Yellow Lady’s Slipper

2014
I love lady’s slippers. I suppose that’s part of being Minnesotan, since the Showy Lady’s Slipper is that state flower. My dad grew up with the Showy Lady’s Slippers near his home, while Mom grew up with the Yellow (and one spring, Small Whites). All five or six species (depending on your definition of species) are beautiful, elegant plants, and hardly common.
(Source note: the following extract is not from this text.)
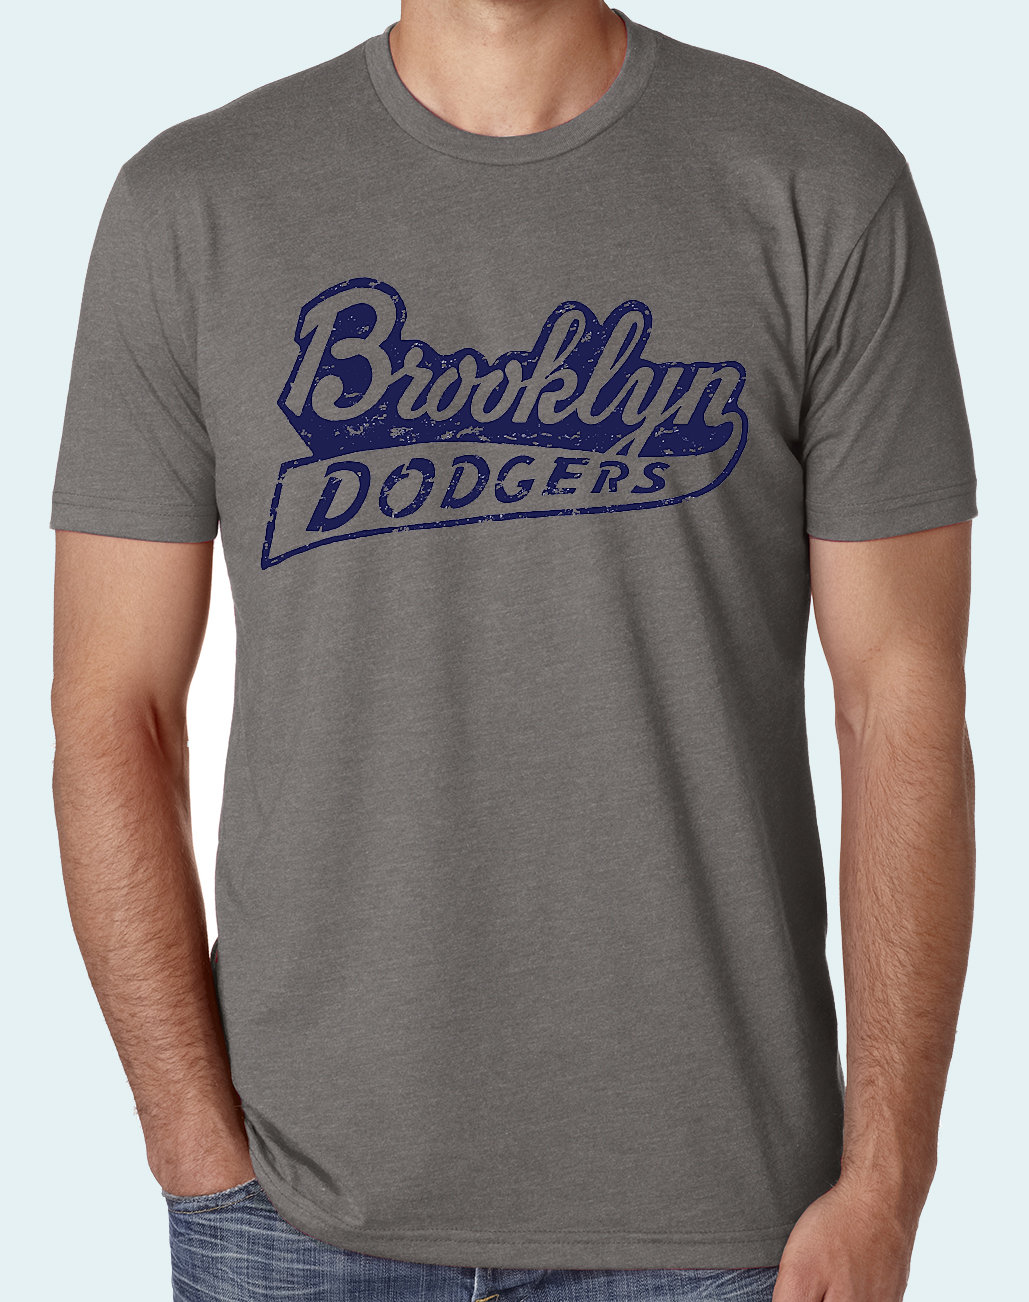 1947 brooklyn dodgers jersey

The Yellow Lady’s Slipper is where the haziness in species names and numbers comes in, with much debate over the flower. Is it the same species as the European flower, Cypripedium calceolus? Or is the American plant a different species in its own right, earning the name Cypripedium parviflorum? And then are all the yellow lady’s slippers in the US the same plant with some wild variation in size, or are there actually two subspecies (in Minnesota, anyway), a large-flowered variation (Cypripedium calceolus var. pubescens or Cypripedium parviflorum var. pubescens, depending on whether you go by the European or American name) and a small-flowered variation (Cypripedium calceolus var. parviflorum or Cypripedium parviflorum var. makasin)?
It makes things a little complicated when you have to put an exact name to the flower.
Orchids of Minnesota by Welby R. Smith of the MN Department of Natural Resources (U of MN Press, 1993) goes by C. calceolus, so that’s what I go by. But while he separates the two variations as differing subspecies, even he states the differences between var. pubescens and var. parviflorum are hazy at best, since they also hybridize.
Regardless of ethnicity and size, it’s still a favorite. And in a drawing, it’s mighty hard to tell whether it’s large or small, American or European.